With GenAI disrupting businesses, Gummadi felt pricing will evolve significantly in the next six months as clients move towards outcome-based pricing.He said AI brought a great deal of uncertainty, adding to the macroeconomic pressures.
That, he points out, is the difference between the previous cycles of the economic crisis. He, however, believes GenAI will create newer opportunities for Cognizant.
Meanwhile, the tariff war triggered by US President Donald Trump impacted business sentiment in life sciences, product and manufacturing, as well as retail, he told Bank of America analysts.
"There is some caution in the healthcare space. Tariffs have led to caution in the life sciences segment. Product and manufacturing clients are dealing with tariff uncertainty, and retail clients have also shown it in their guidance.

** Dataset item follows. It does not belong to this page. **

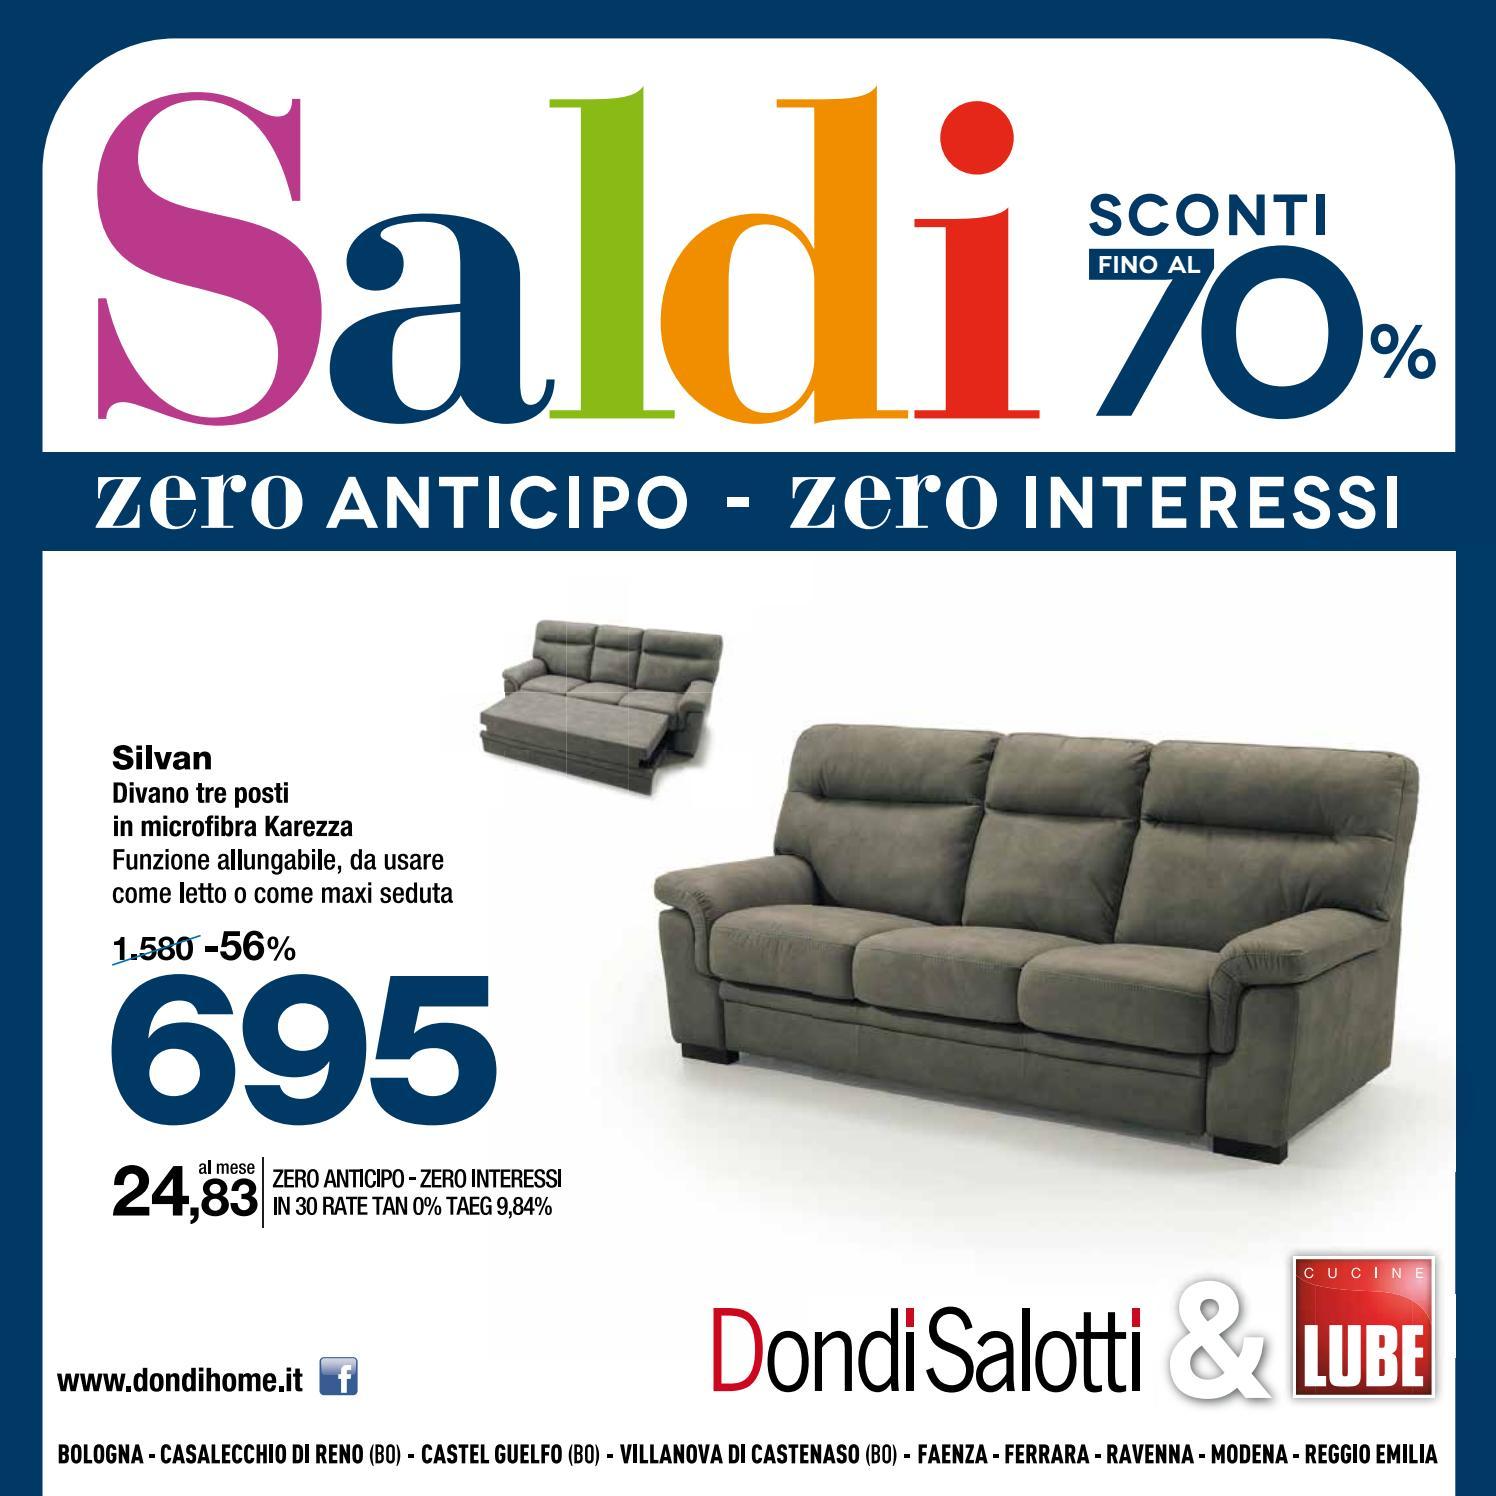 Dondi Salotti Natale 2017 by Michele Travagli - issuu

All this is having a cascading effect on IT projects," Gummadi said. Despite the tough environment, Cognizant signed three mega deals by the end of the second quarter.
Cognizant started to see an uptick in deal momentum, in general. Compared to 2023, when the firm signed 17 large deals, the New Jersey-headquartered IT services firm signed 29 large deals in 2024. In a choppy environment, CTS managed to get an extension of its contract with the healthcare client, which is a $1 billion deal. The full-year trailing 12-month booking for 2024 was $27.1 billion.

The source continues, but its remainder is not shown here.